Peter Kenny is co-founder of Telltale Press. His poetry has appeared in many publications including Acumen, Frogmore Papers, Ink, Sweat and Tears, Other Poetry, Poetry London, Rogue Scholars (US), Other Voices (Canada). His work has also been translated into German and read on the BBC.
Now based in Brighton, by day Peter transforms into Peter Kenny The Writer Ltd and works as a freelance writer and creative director, and is currently an associate with the 11-London agency.
Other activities are various: a collaboration with composer Matthew Pollard resulted in several concerts and recordings, and he is now working on an opera with Helen Russell, his comedy plays were most recently performed at Brighton’s Marlborough Theatre, he has also published short stories and is working on a longer prose project.
Publications, recordings and recent performances
The Nightwork (Telltale Press, 2014)
Clameur Matthew Pollard & Peter Kenny (AnotherSun Recordings, 2012)
Wrong/Betty the Spacegirl/A bite to eat (Marlborough Theatre, Brighton, March and June 2011)
A Guernsey Double with Richard Fleming, (Anthology of Guernsey/Guernsey Arts Commission, 2010)
This Concert Will Fall In Love With You (Brighton Festival Fringe, Matthew Pollard, Peter Kenny and the Tacet Ensemble, 2010)
Where to find Peter
peter kenny: the notebook – updates, observations and news
a galaxy of light-bulbs – examining creativity in marketing and advertising
An adumbration of the light age
from The Nightwork by Peter Kenny
Scientists classify six creatures that lived in light:
aardvark, elephant, carp, bee, bee-eater, and tern.
Their eyes were adapted to blinding conditions
pupils clenched to pinpricks, eyeballs squeezed in sockets.

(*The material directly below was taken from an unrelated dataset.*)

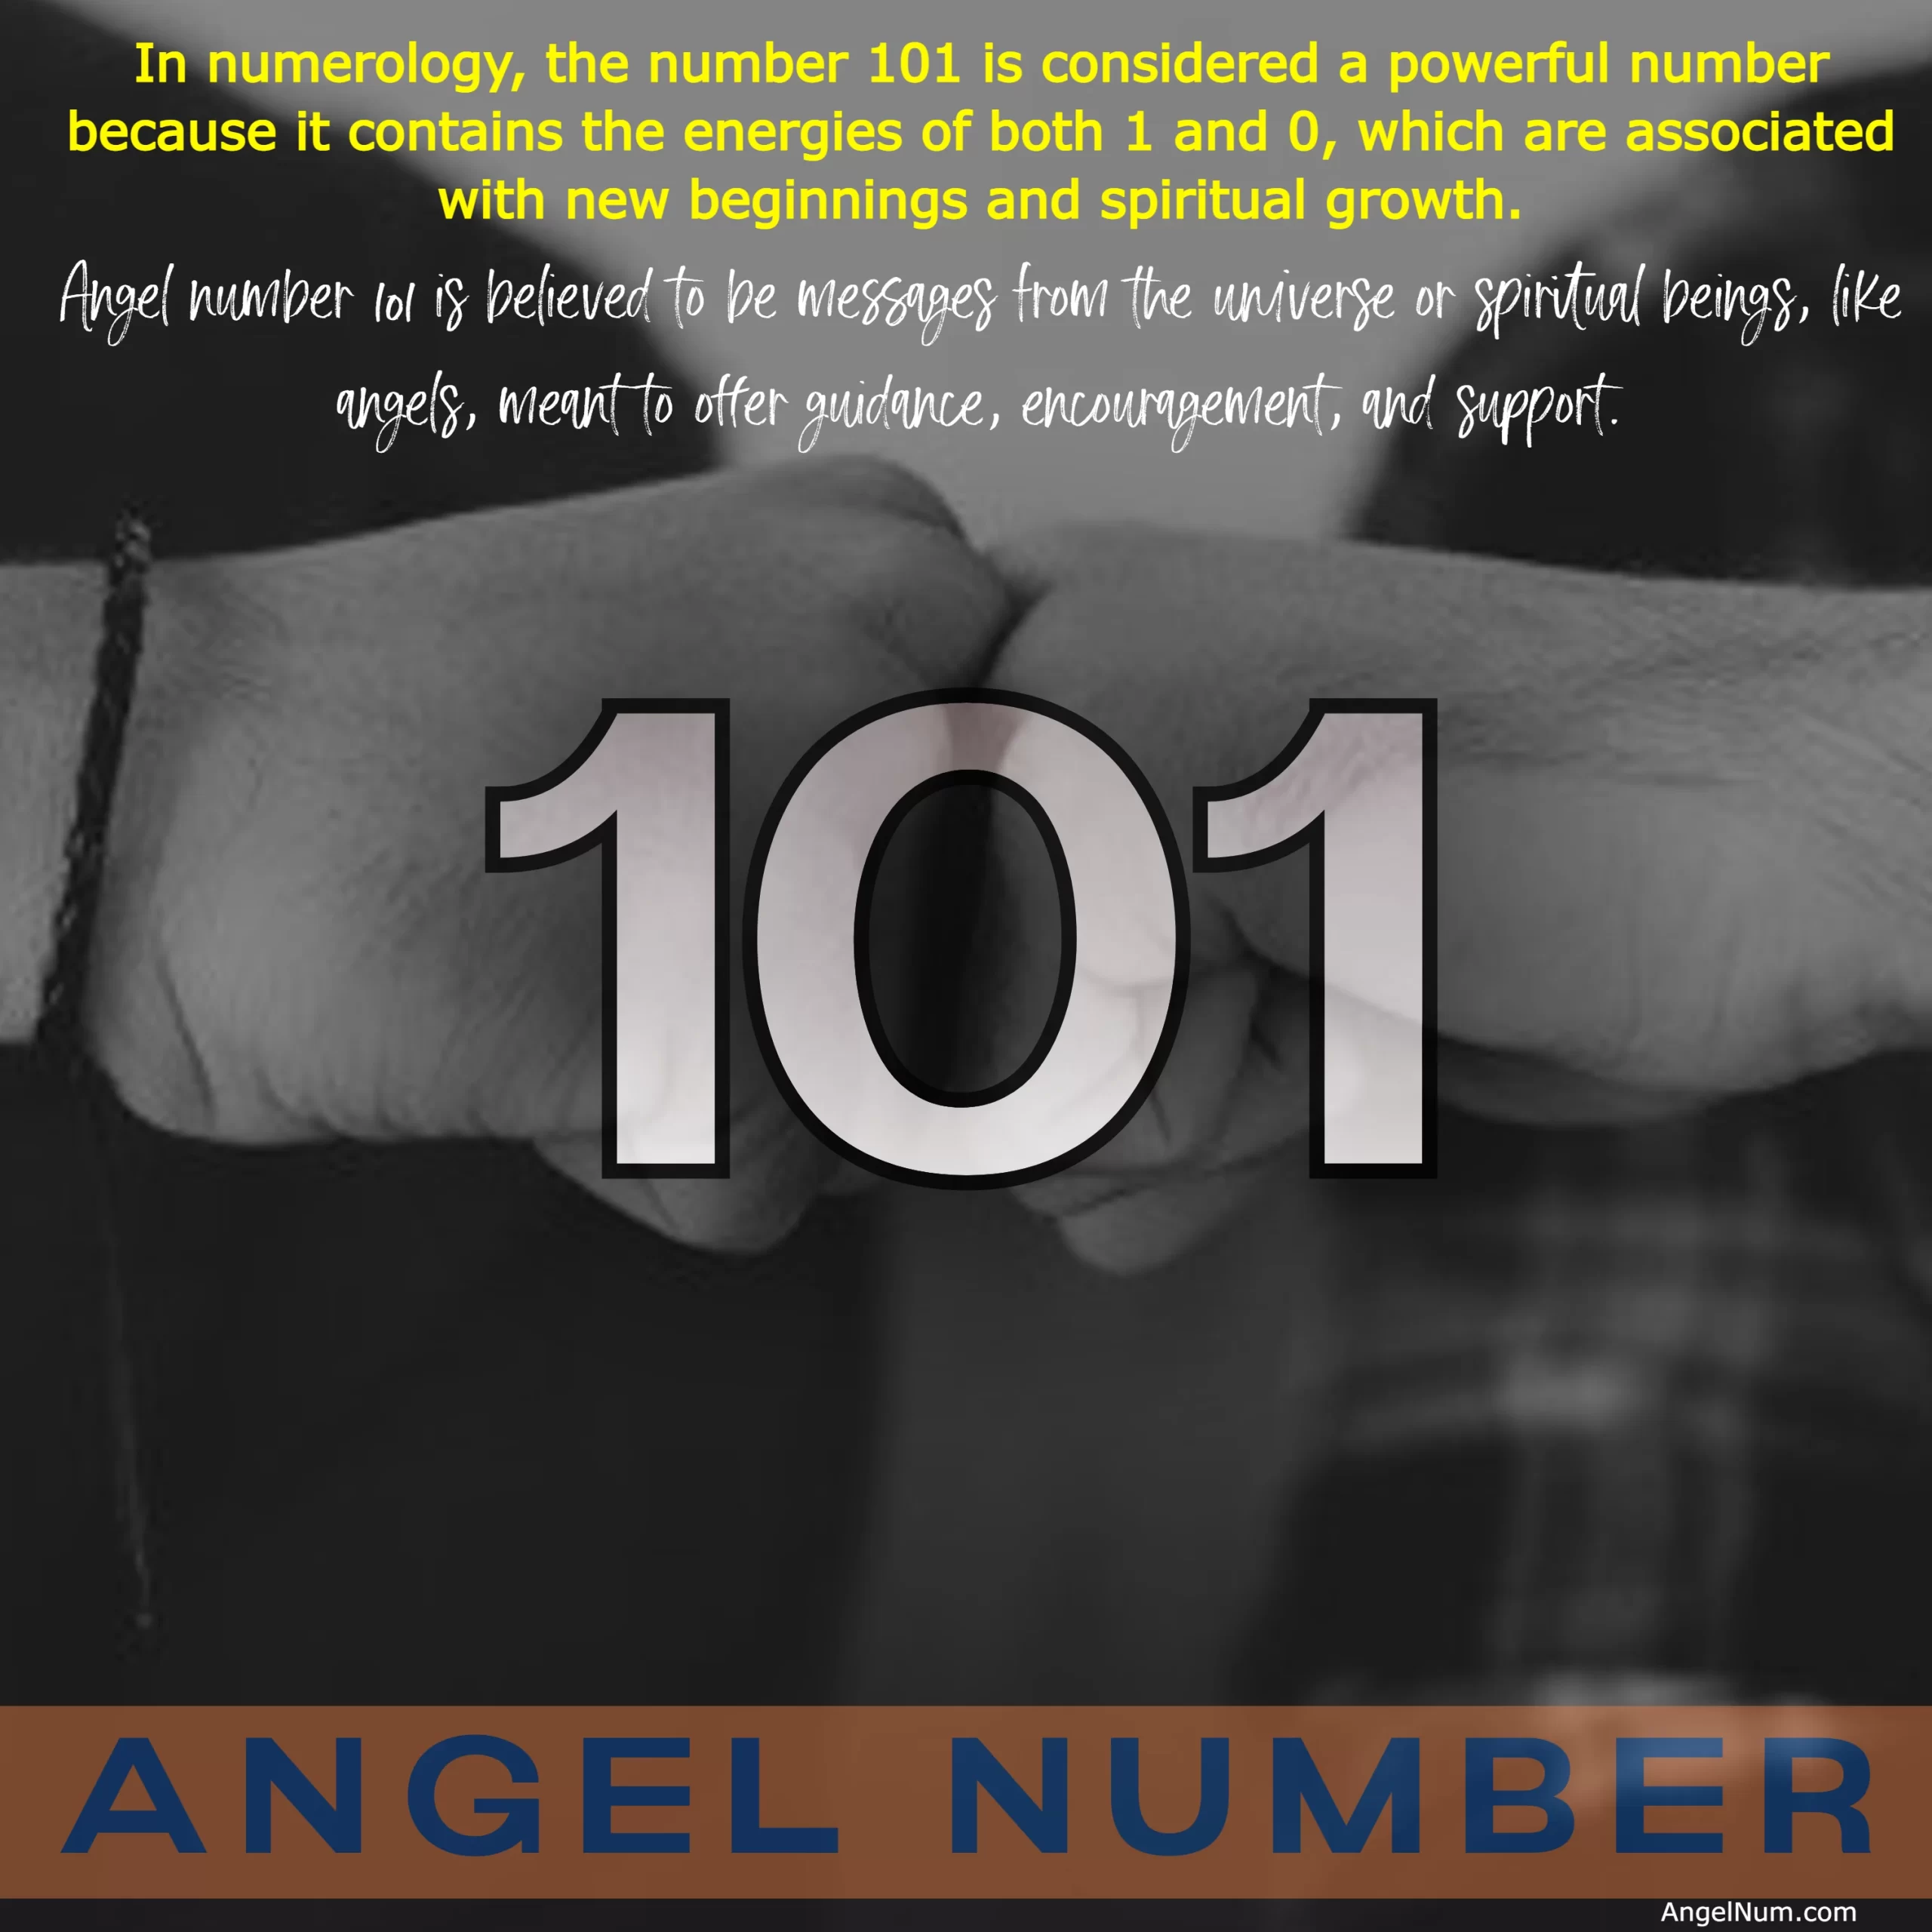 Discover the Divine Guidance of Angel Number 101

Life, scientists suggest, will persist in peculiar places
for this so-called Light Age stretched for millennia
reigned over by a species of squinting hominid
who flinched from blackness, and the comforts of night.
Their aggregations of rubble are irrefutable
but other signs of their passing are slight; token scraps
with unbreakable codes, unknowable categories
and glossaries of nonsense such as bright, colour and sun.

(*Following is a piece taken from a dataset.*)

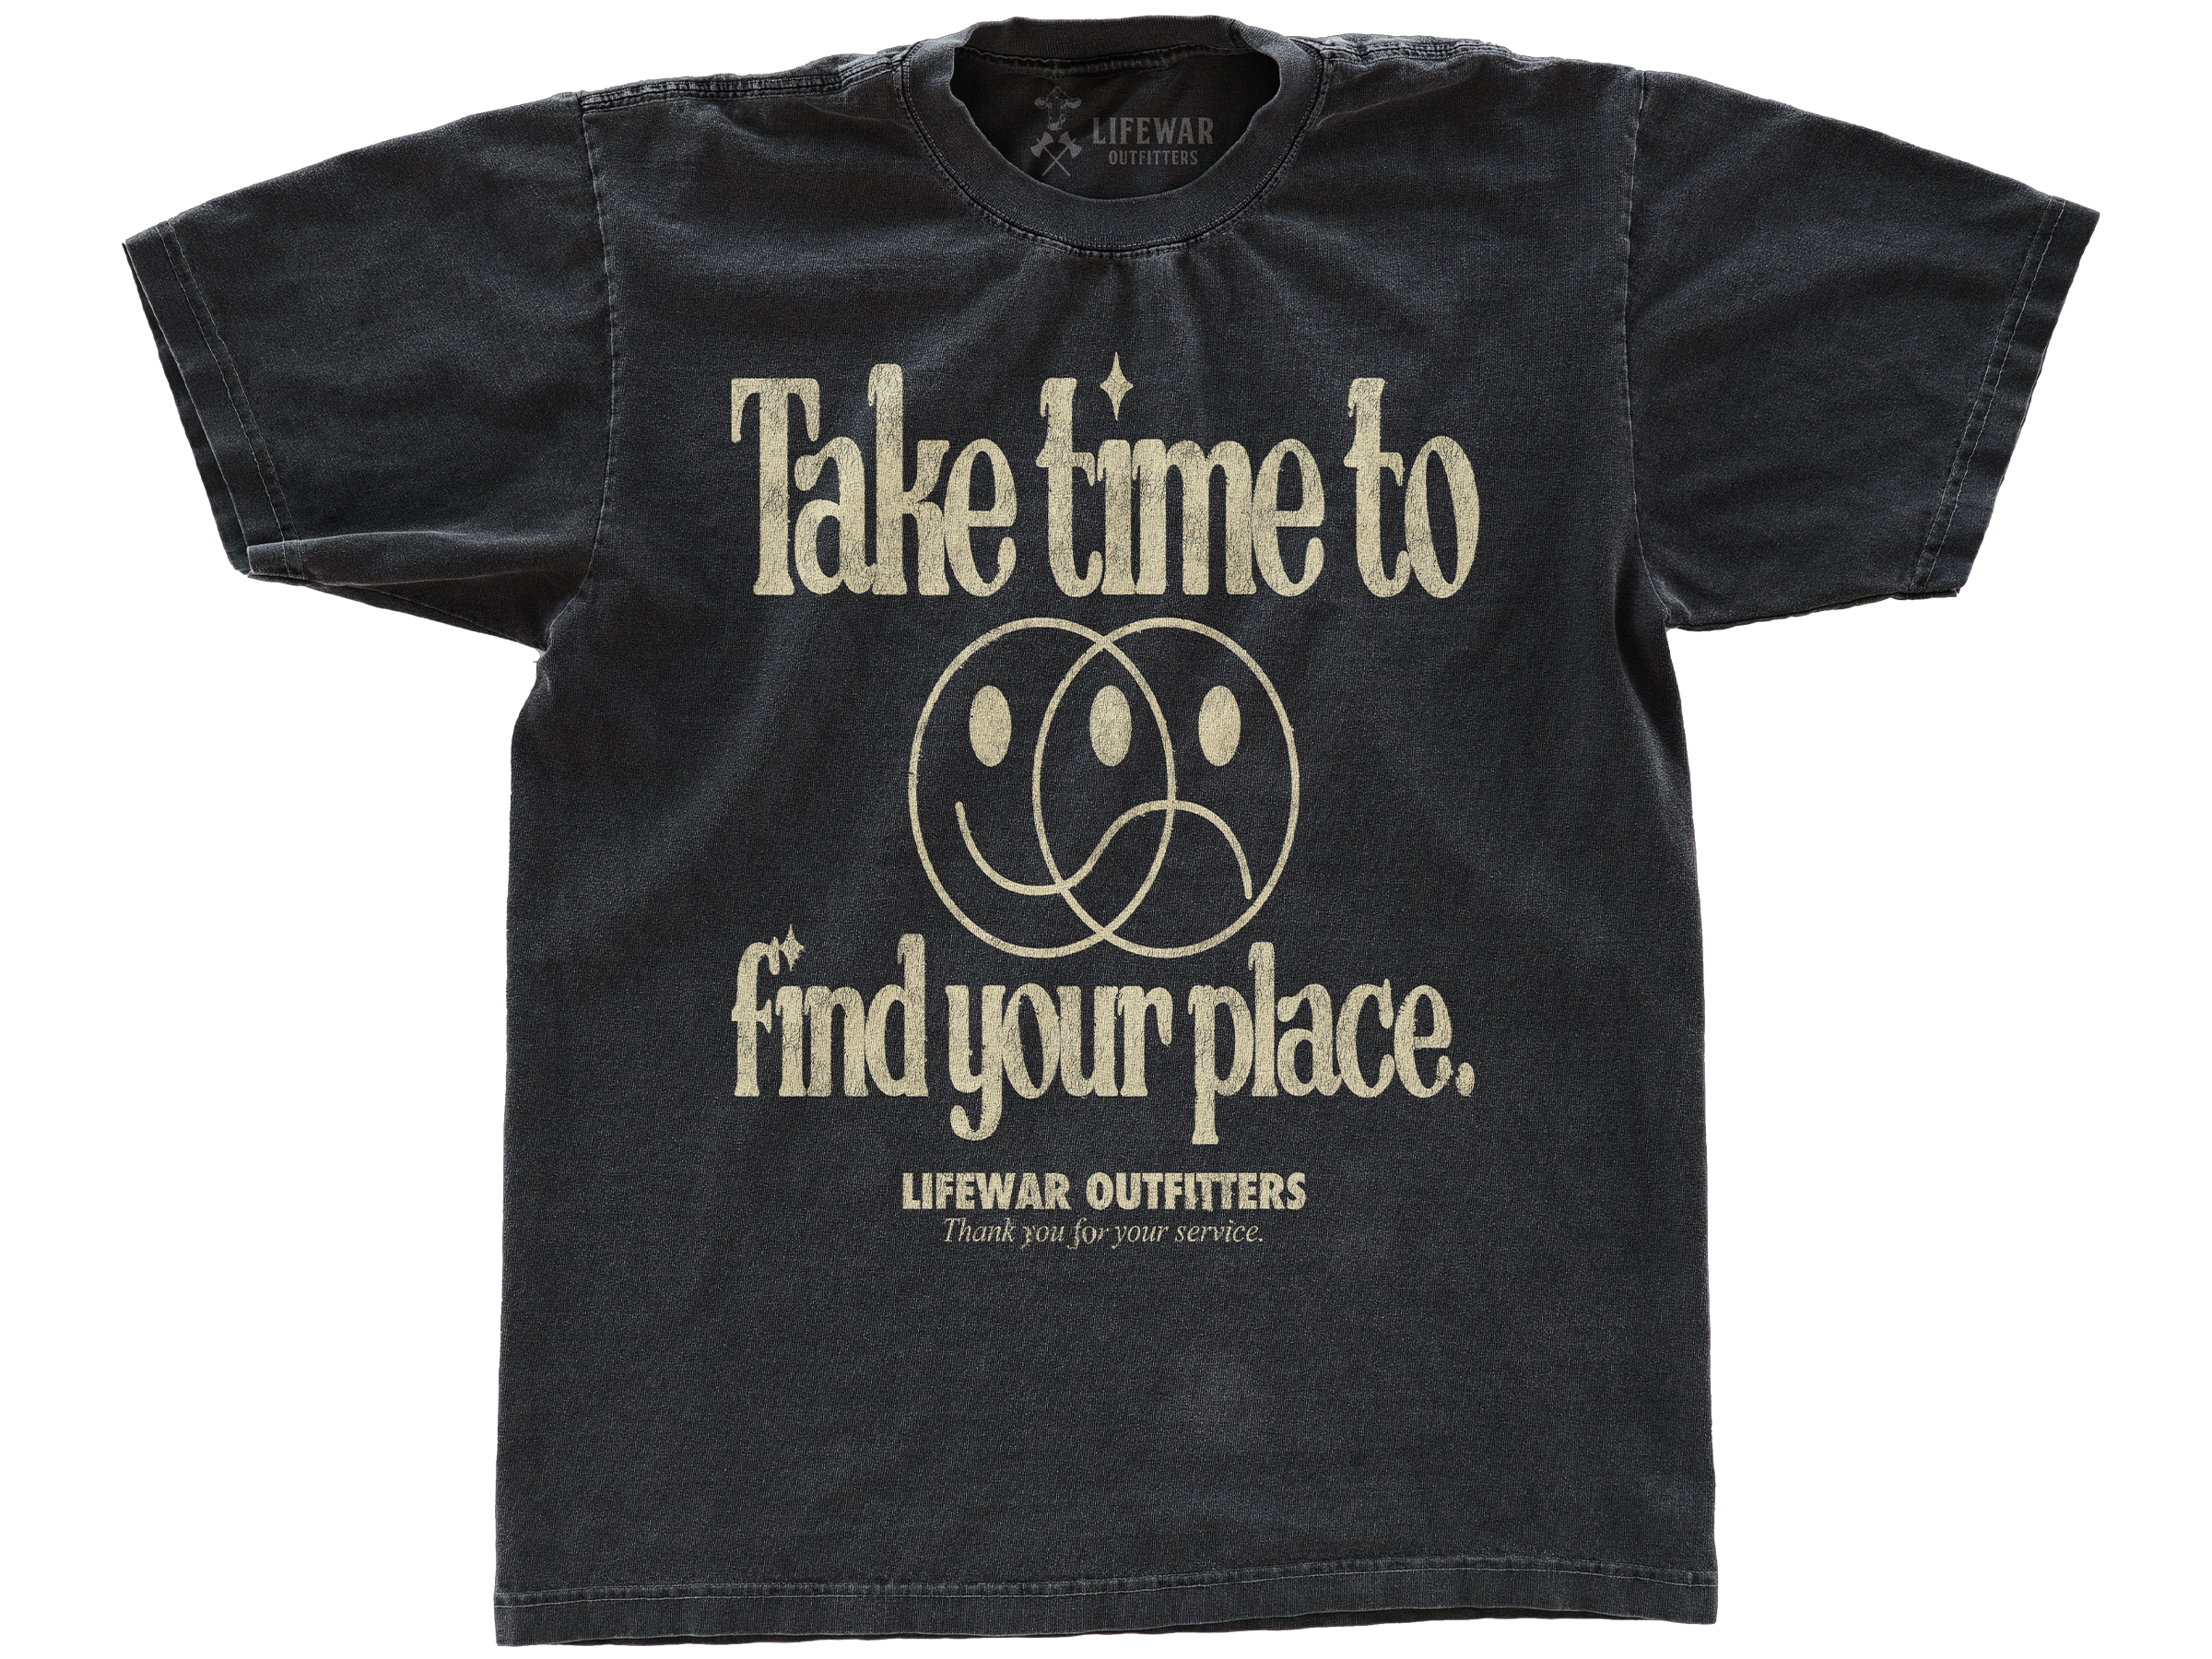 FIND YOUR PLACE (T-SHIRT)

These perplex us with hints of a primitive ritual
that shunned shadow, and linked dark with death,
bizarre beliefs which allowed no evolution, no self-expression
no feeling for the two thousand and twelve textures of dark.
But surely they’d not recoil from the blaze of a sable fire?
Or hate the velvet days? And how in light did they stay sane?
Their light is gone, thank God; a static crackle that passed once,
at dark speed, into the vast pale voids between stars.